- _Data to examine_
* * * *

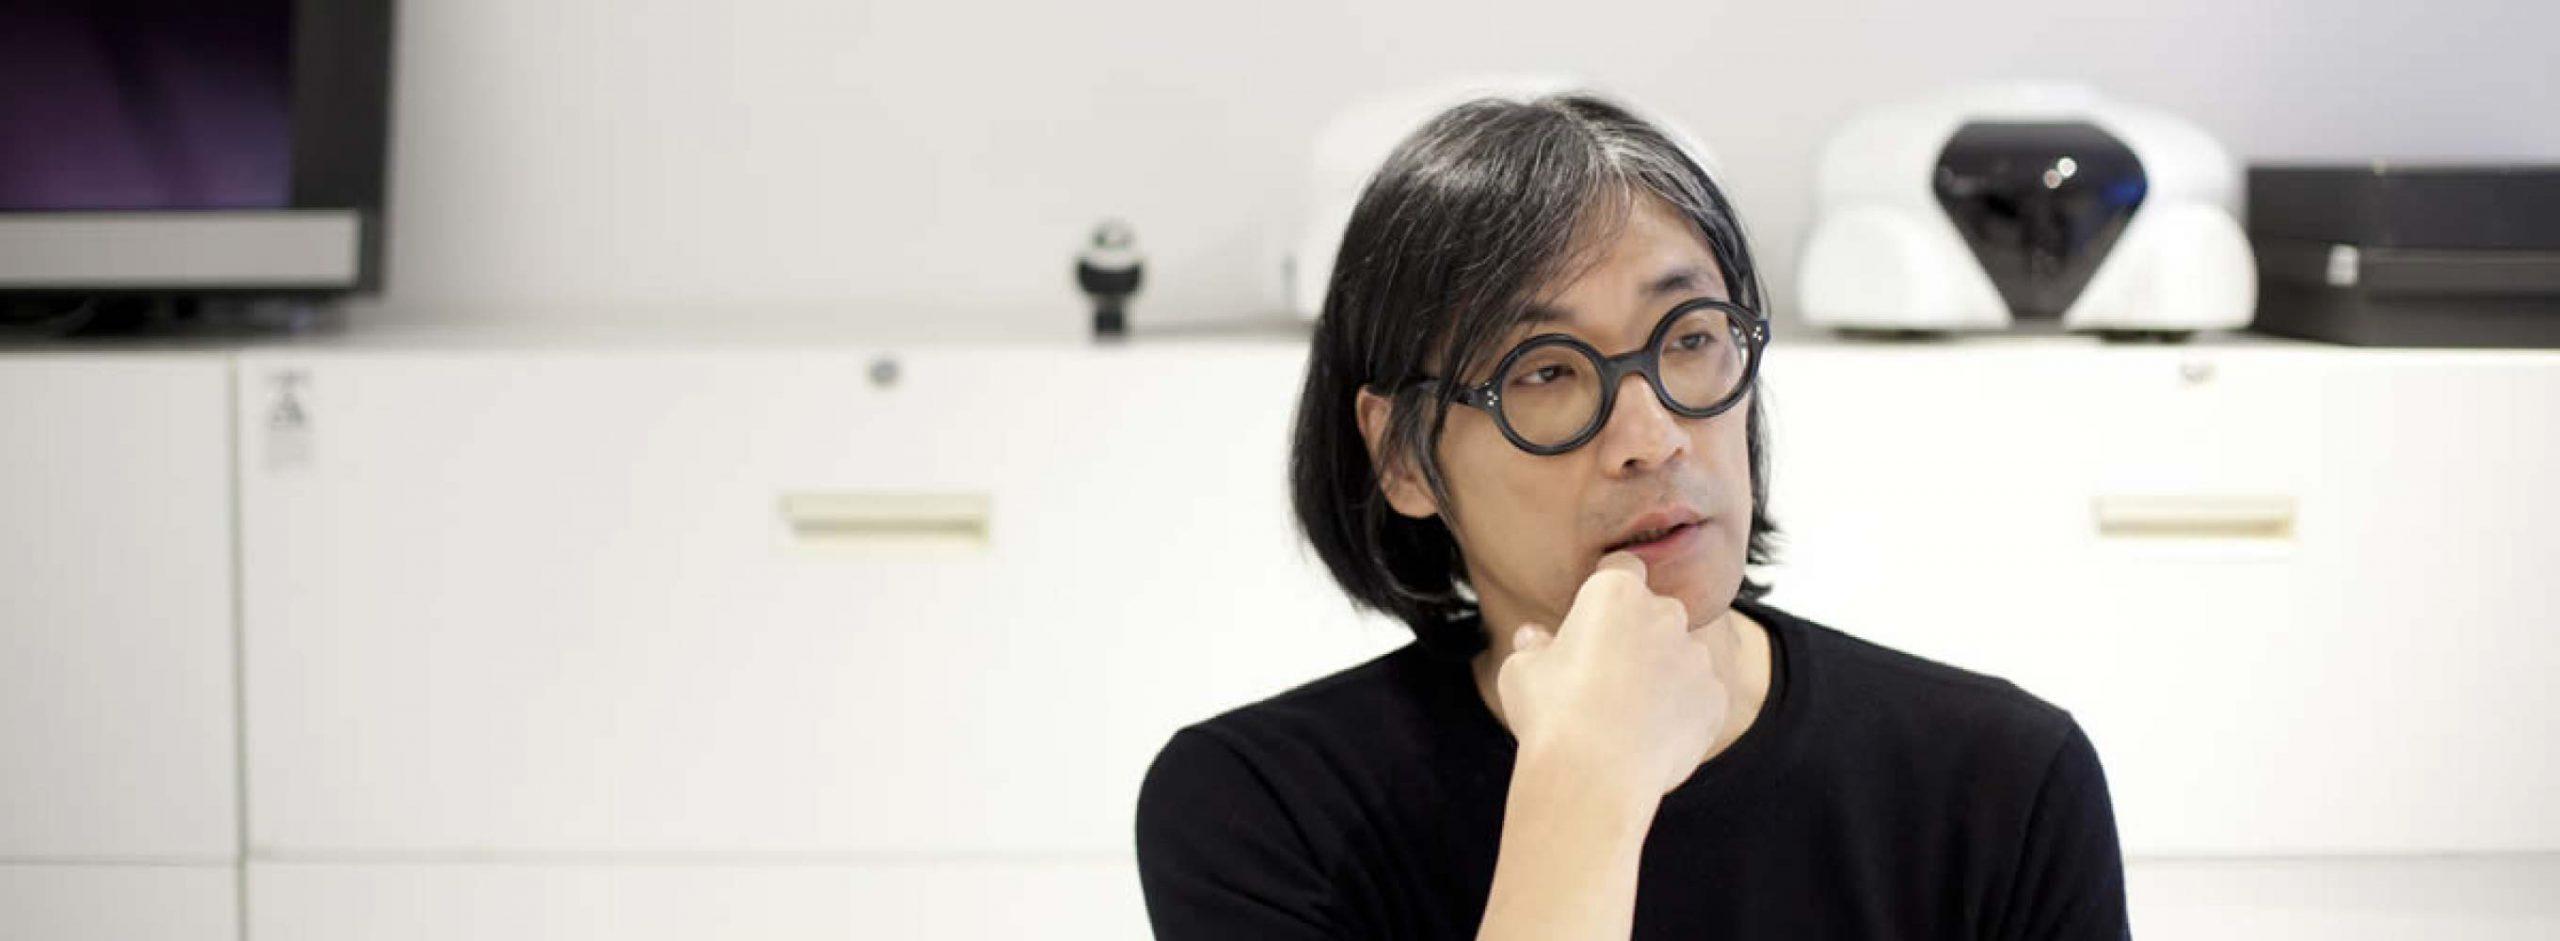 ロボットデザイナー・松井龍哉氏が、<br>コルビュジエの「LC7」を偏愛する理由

* * * *

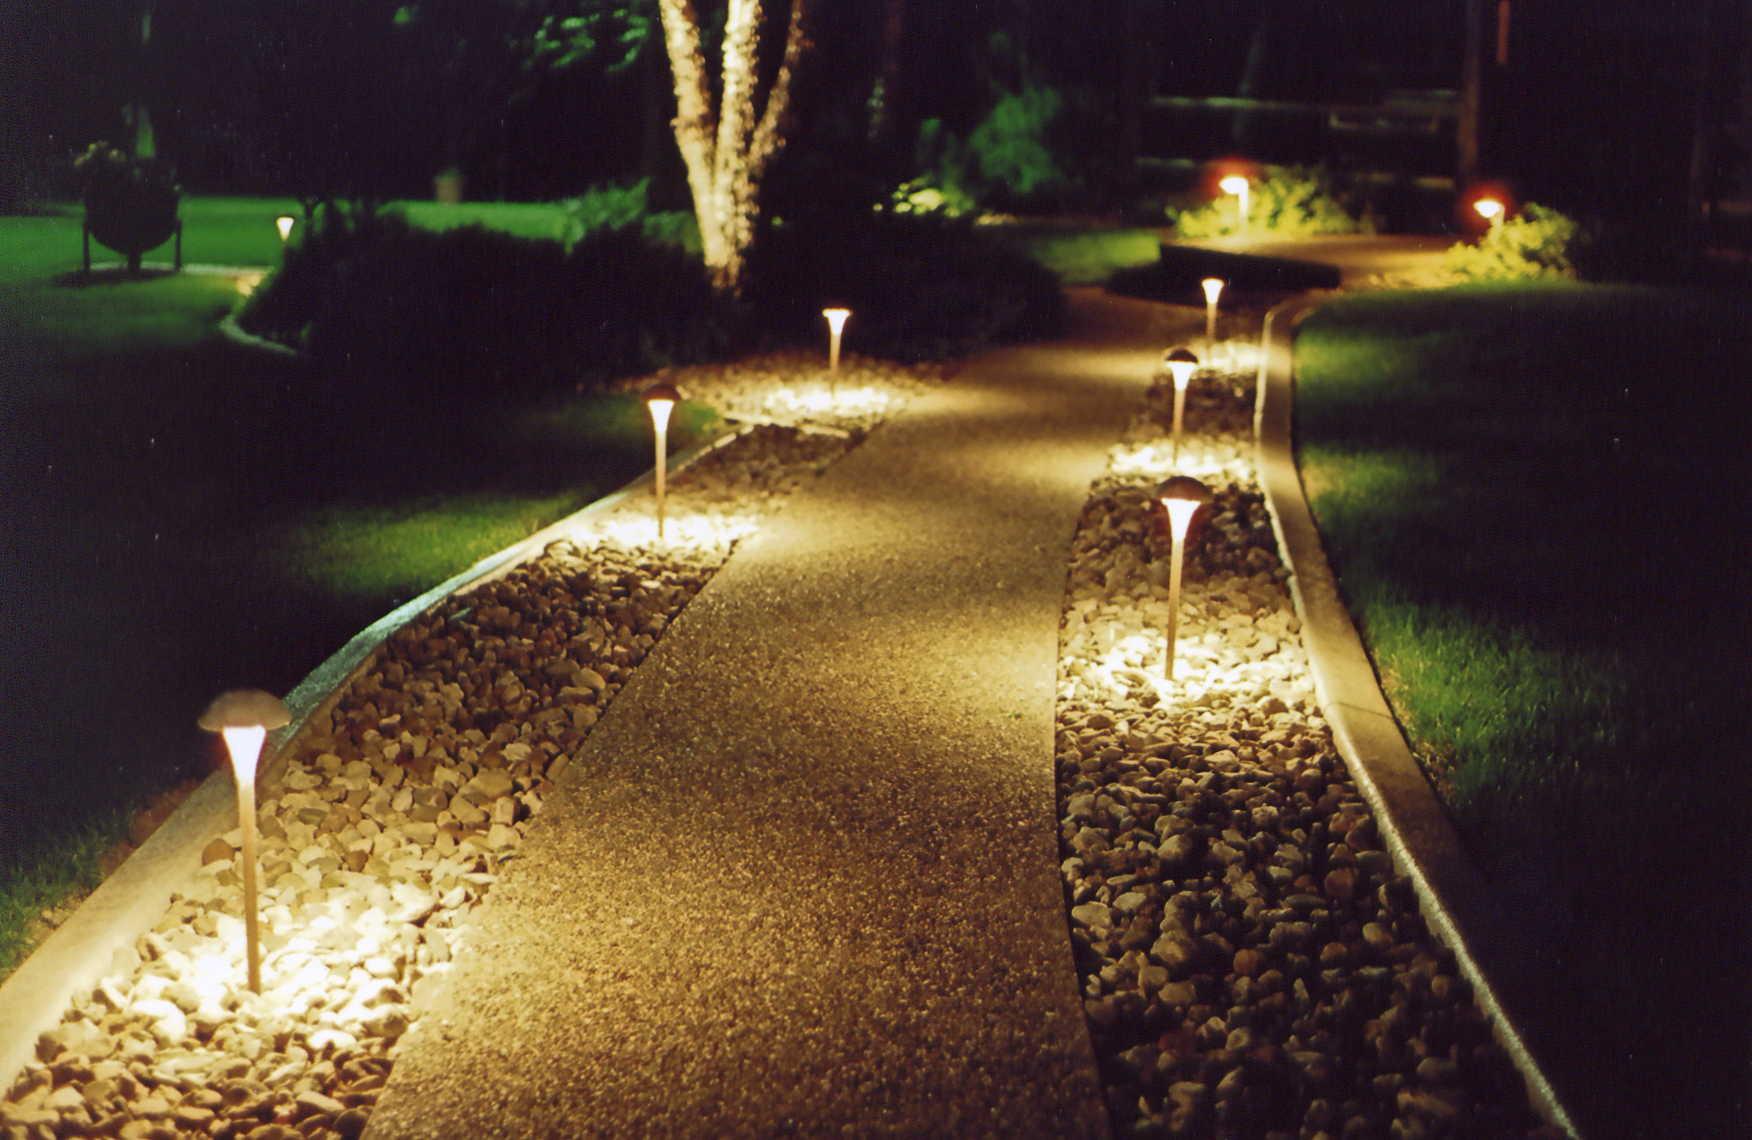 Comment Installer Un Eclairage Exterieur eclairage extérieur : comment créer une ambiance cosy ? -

* * * *

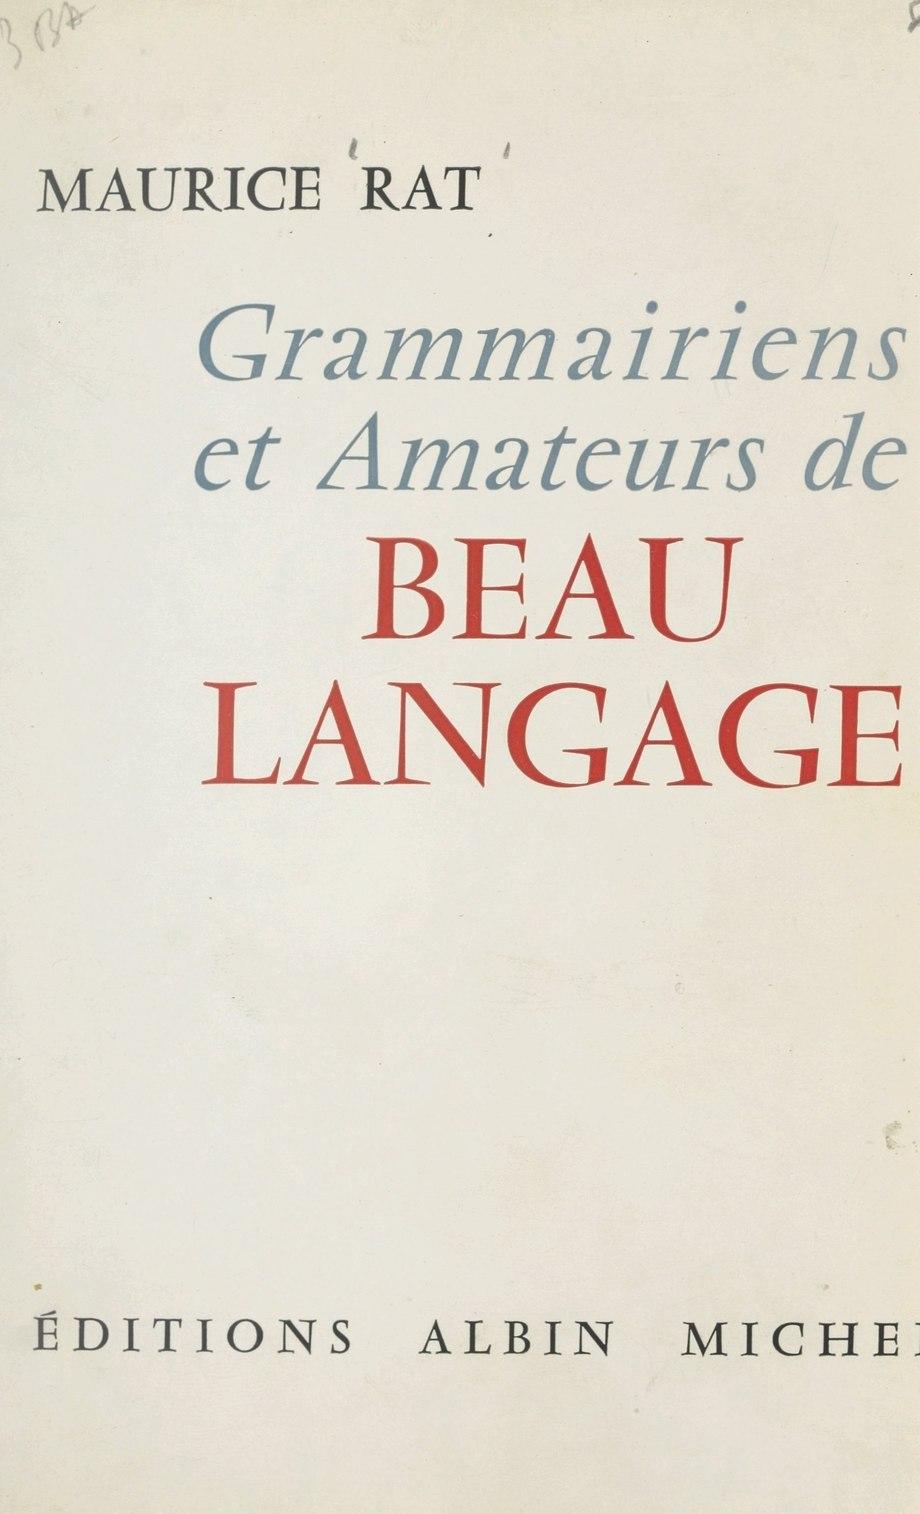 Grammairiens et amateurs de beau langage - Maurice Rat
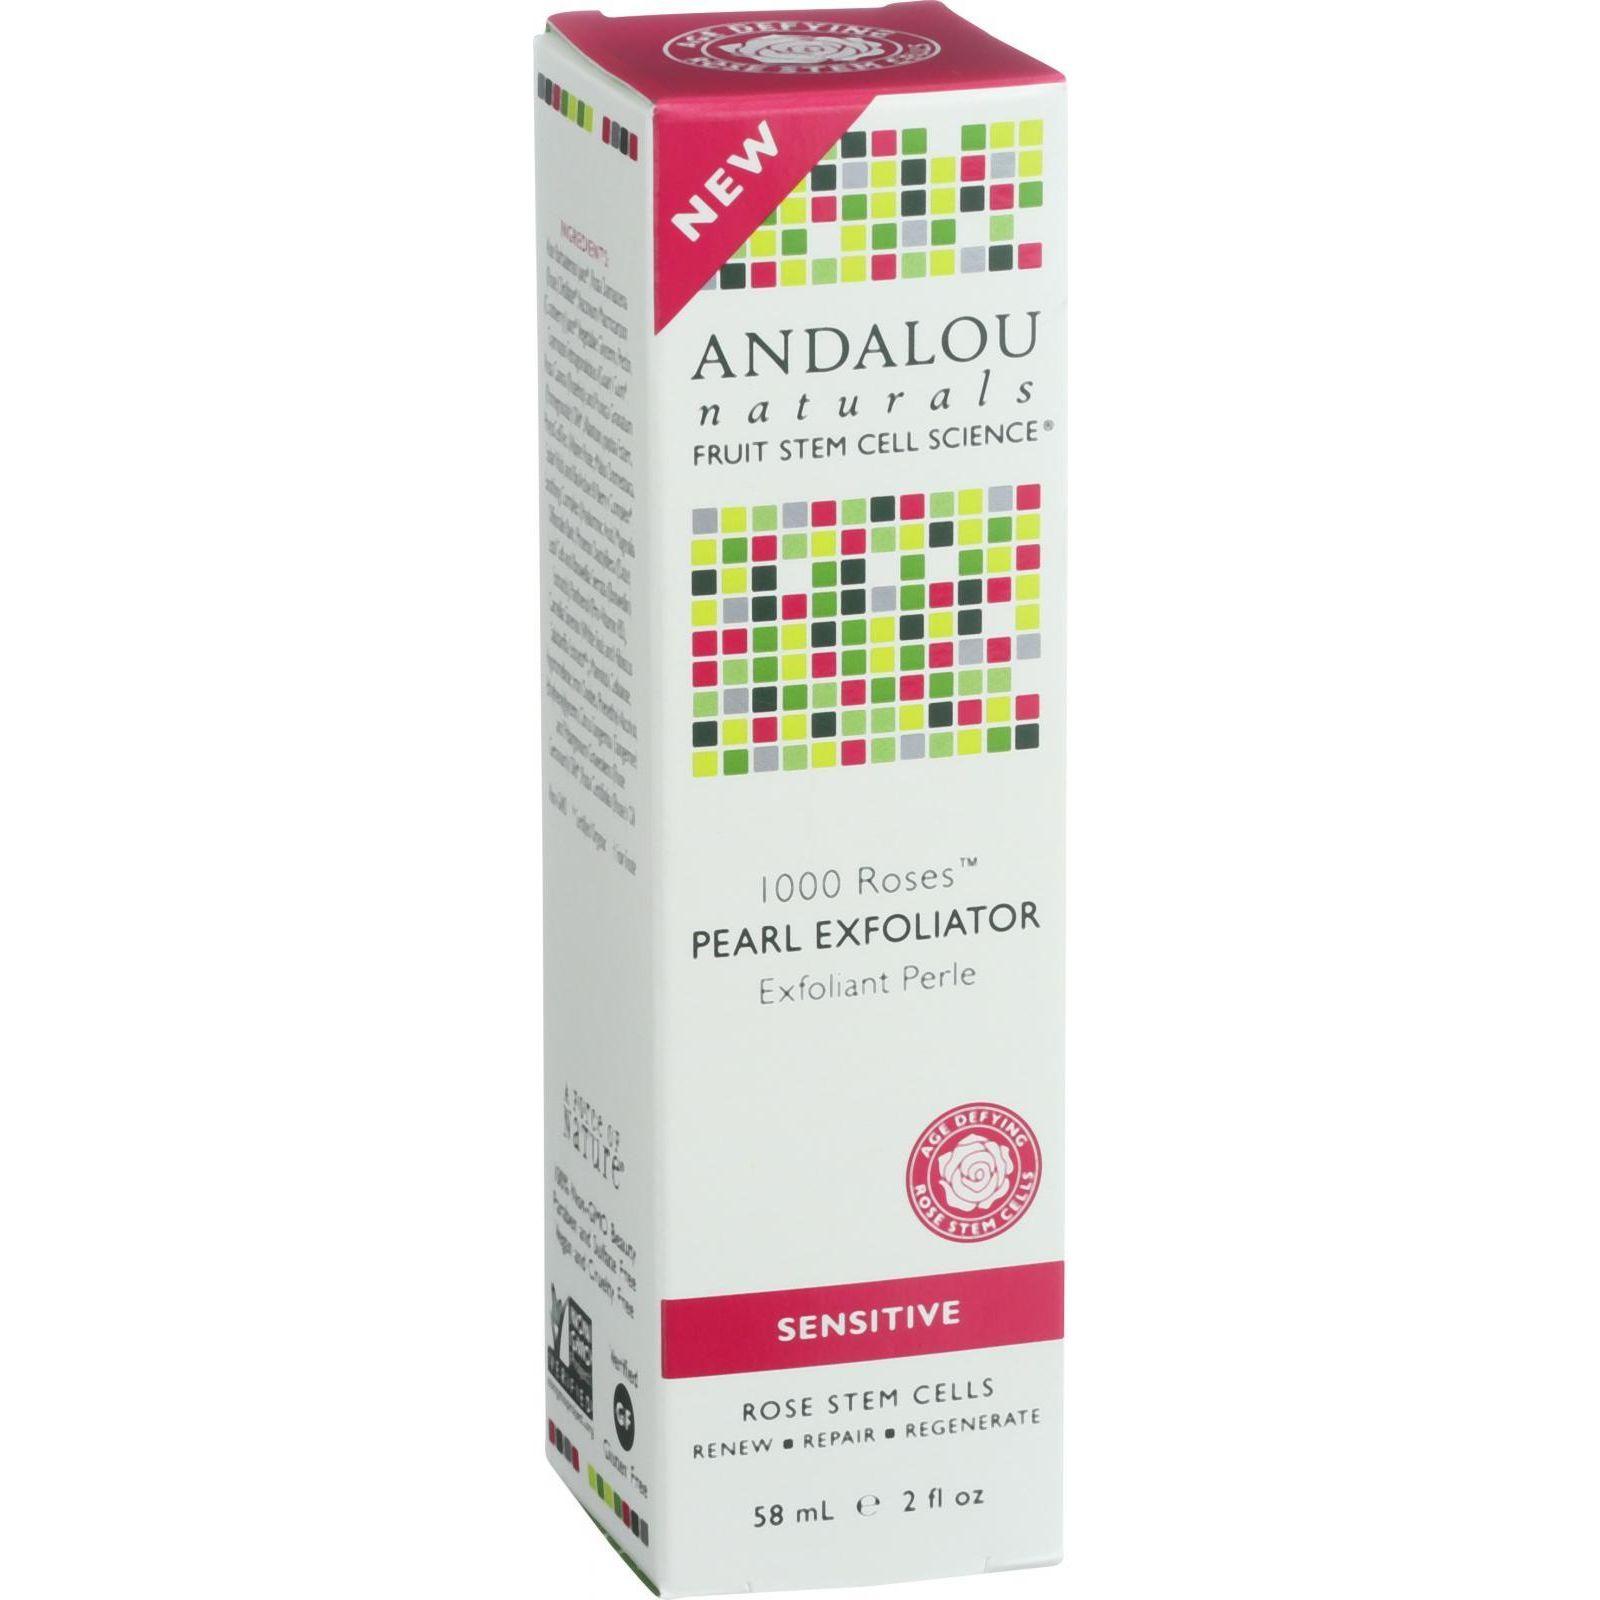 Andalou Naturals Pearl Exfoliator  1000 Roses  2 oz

* * * *

- _Exercise objective_
Transcribe, word for word, the stretch of lines in the data above from the one with "Grammairiens et amateurs" through the one with "Andalou Naturals Pearl"; omit all pictures.

- _Reply to the exercise_
 Grammairiens et amateurs de beau langage - Maurice Rat
 Andalou Naturals Pearl Exfoliator  1000 Roses  2 oz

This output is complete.